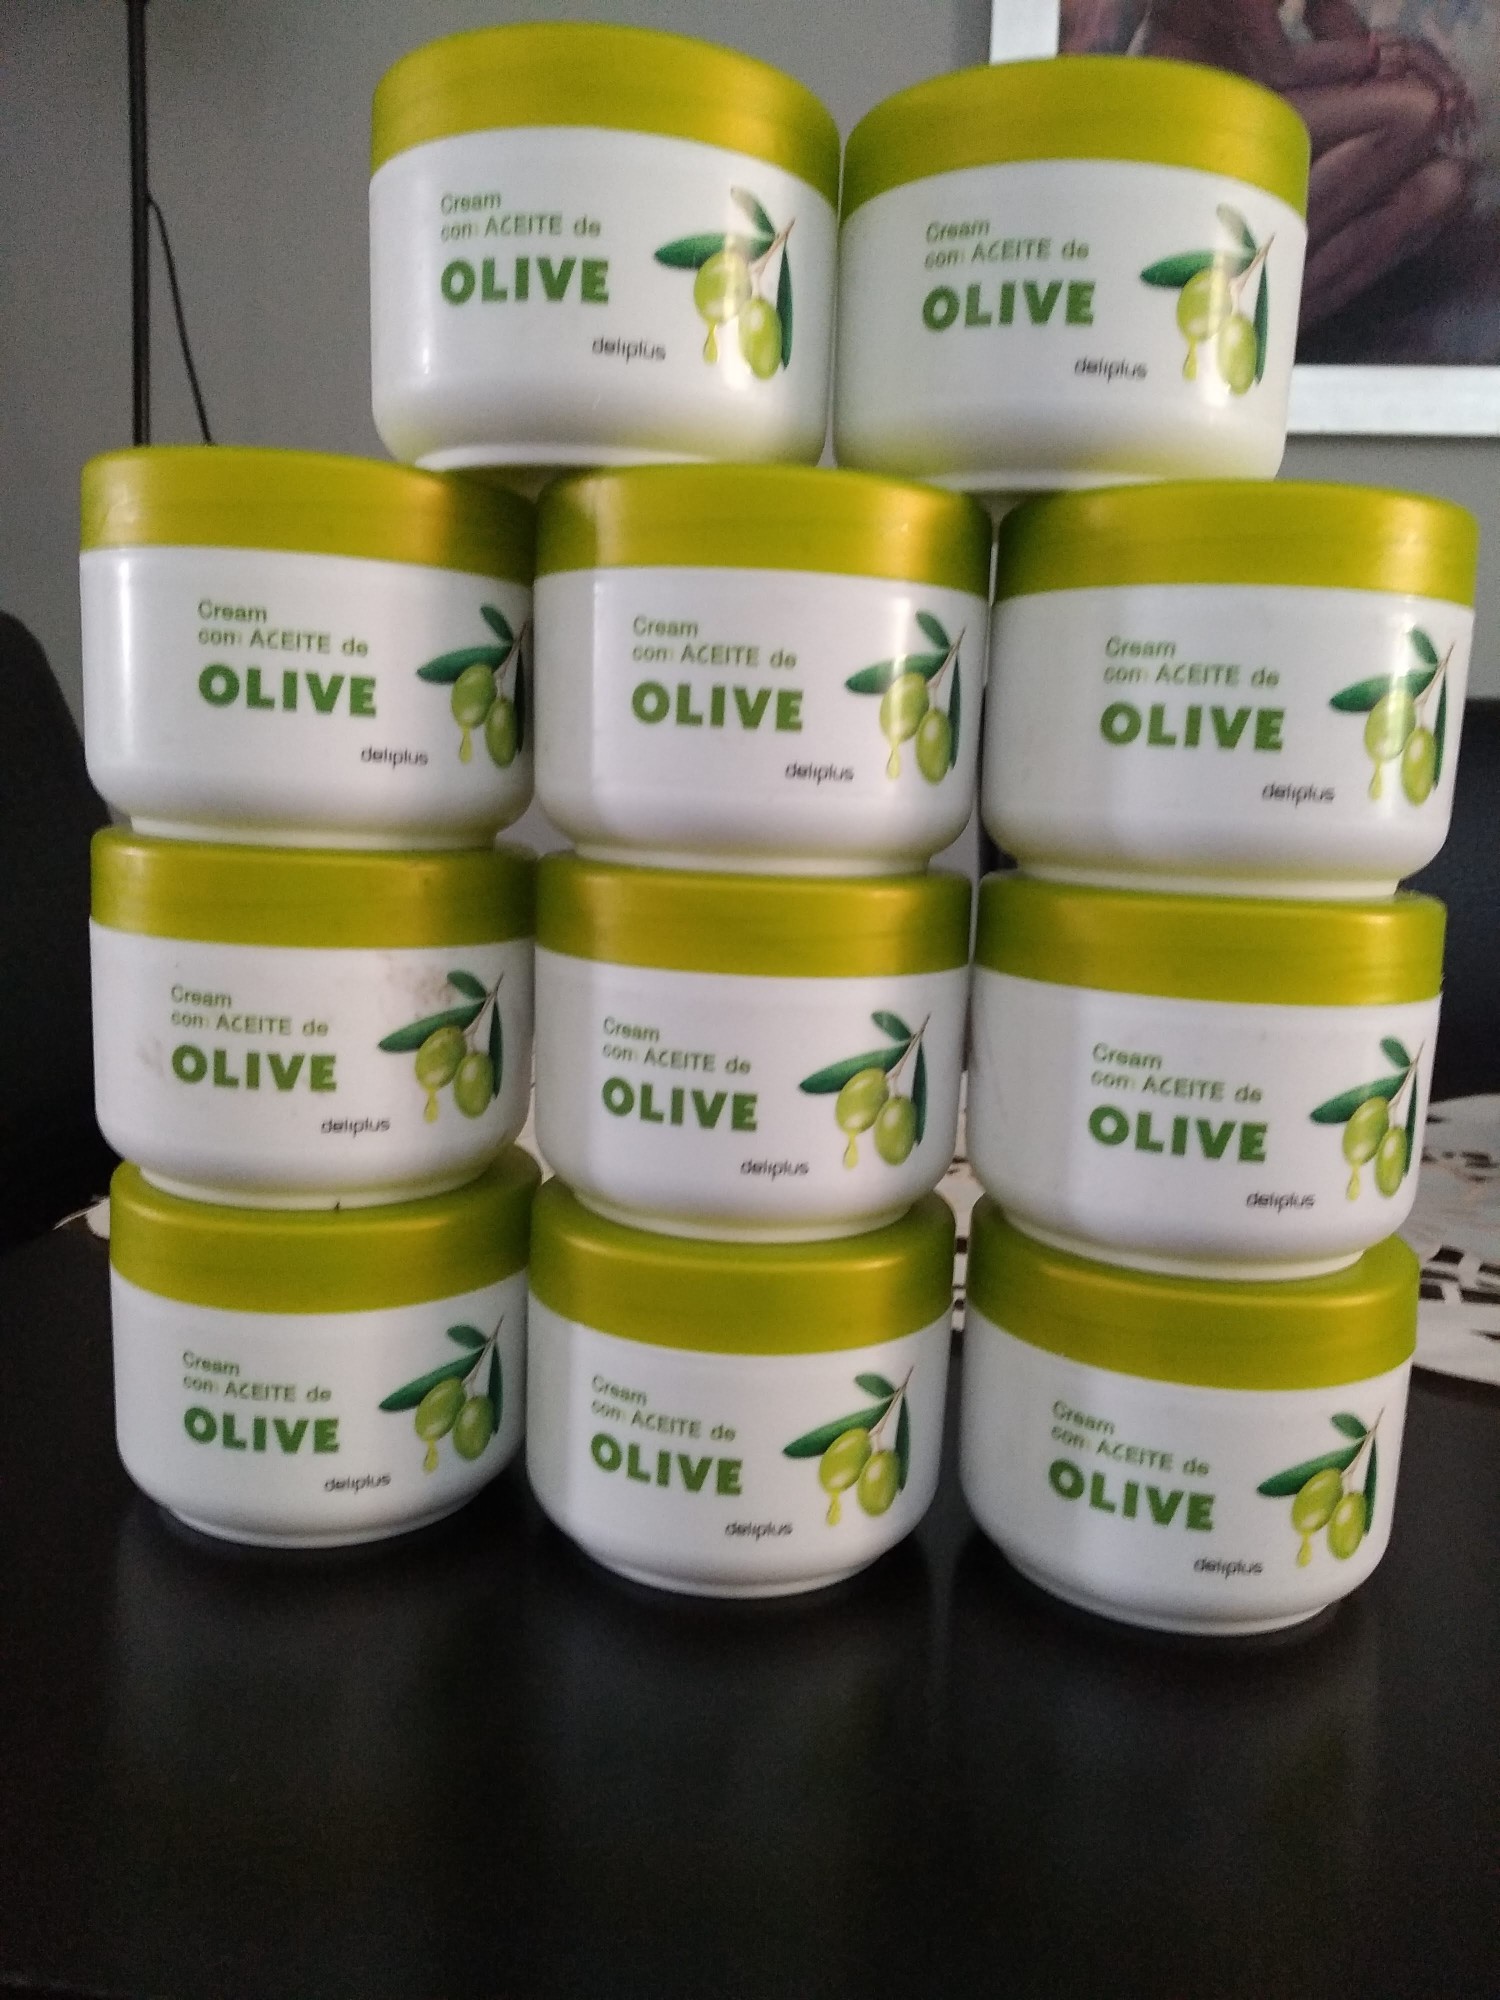 salud y belleza - Crema de aceite de oliva
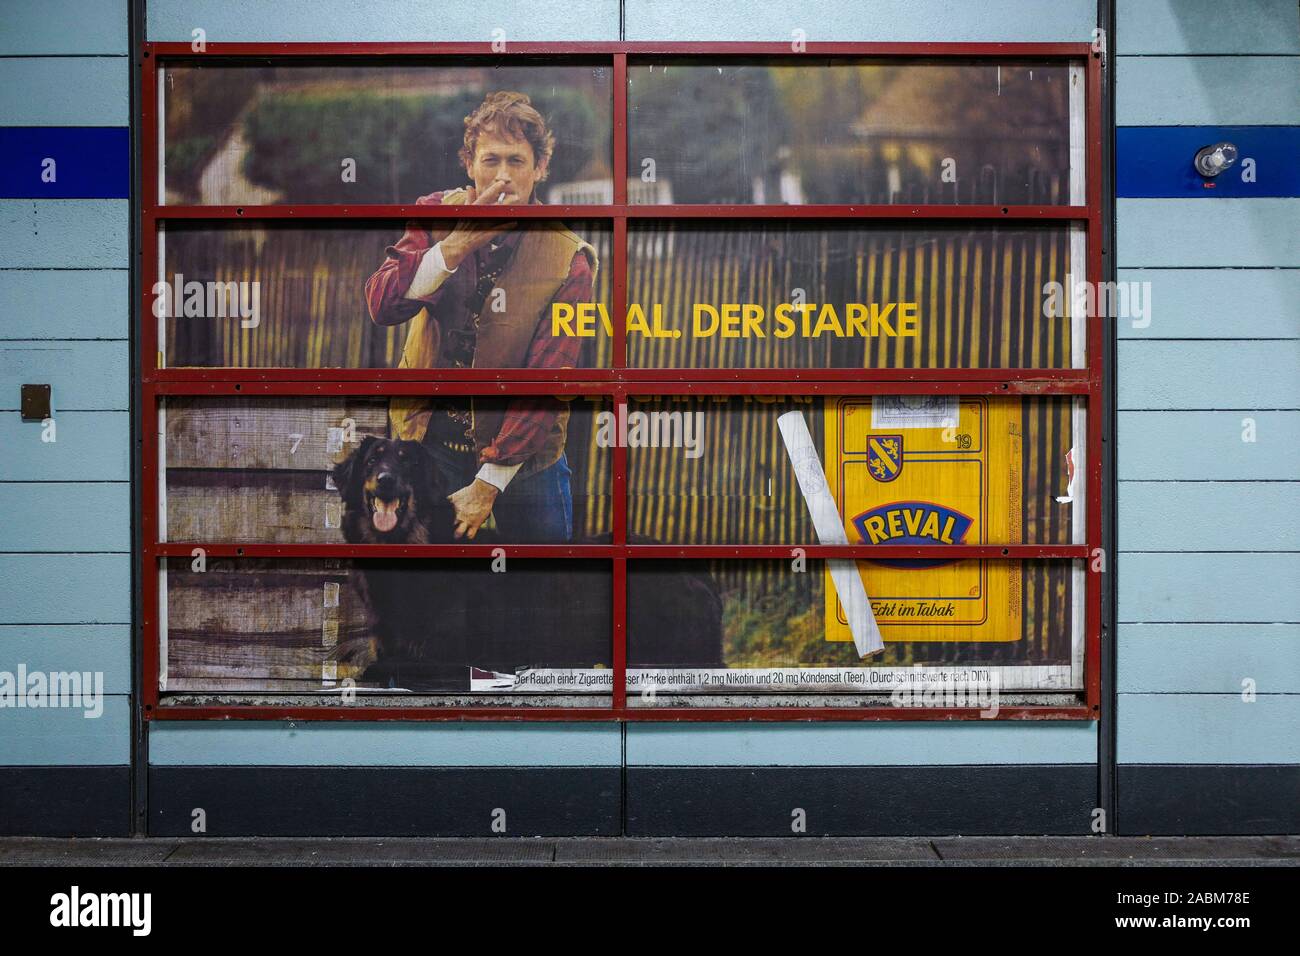 Alte Werbung Poster von der Zigarettenmarke Reval, die hinter einem demontiert Werbefläche an der Münchner U-Bahn station Nordfriedhof erschienen. [Automatisierte Übersetzung] Stockfoto
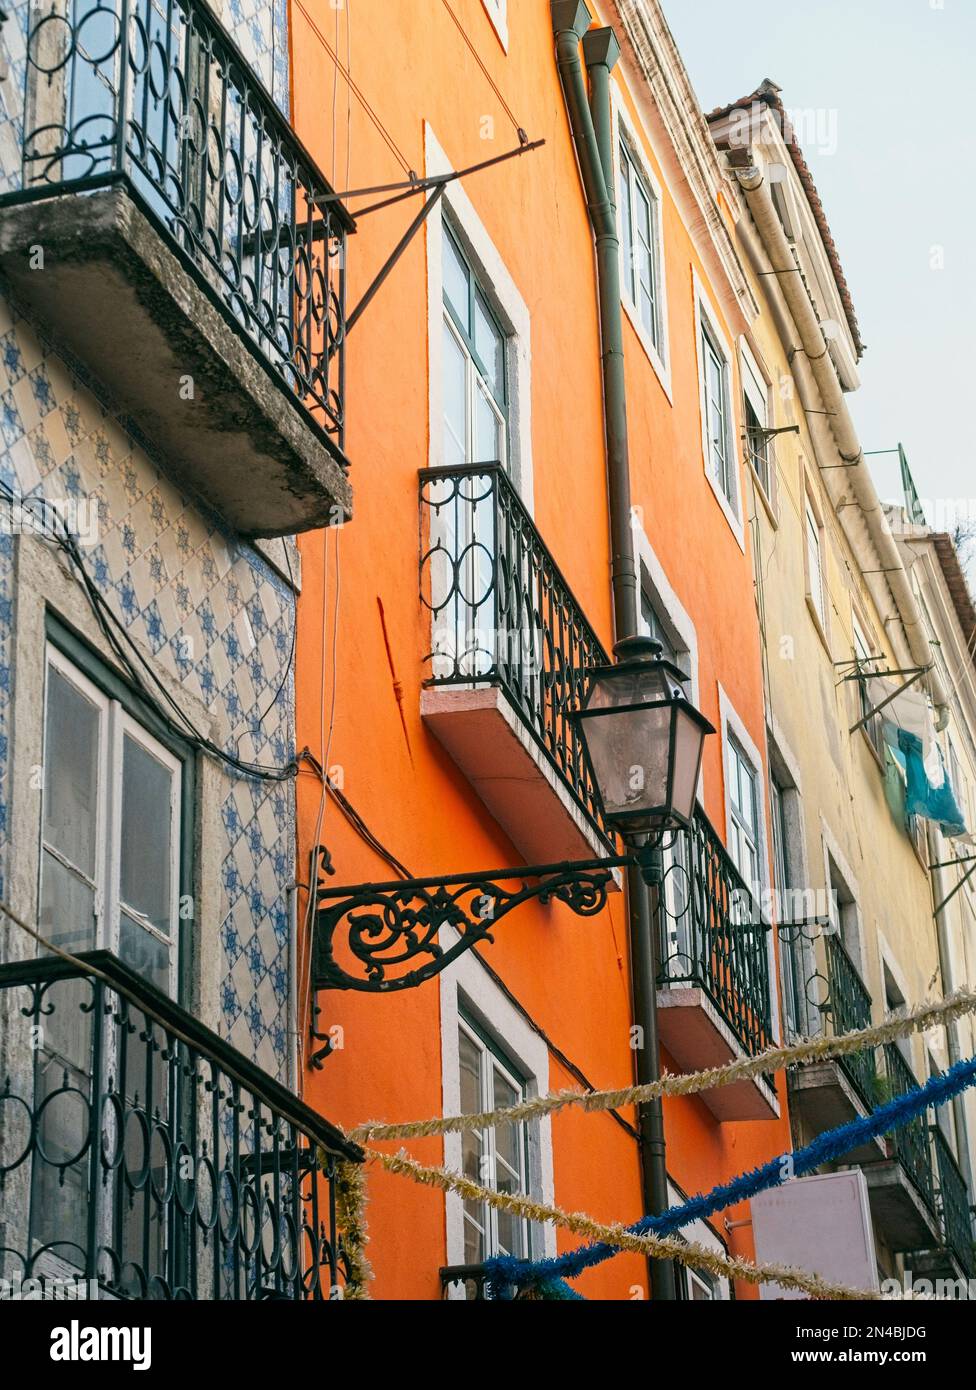 DE LUNARES Y NARANJAS: Cómo pintar los azulejos de tu terraza

■ ■ ■ ■

### YOUR TASK
From the first line to the last, transcribe the listing exactly; skip the pictures.

### ANSWER SECTION
 salud y belleza - Crema de aceite de oliva
 Alte Werbung Poster von der Zigarettenmarke Reval, die hinter einem demontiert Werbefläche an der Münchner U-Bahn station Nordfriedhof erschienen. [Automatisierte Übersetzung] Stockfoto
 DE LUNARES Y NARANJAS: Cómo pintar los azulejos de tu terraza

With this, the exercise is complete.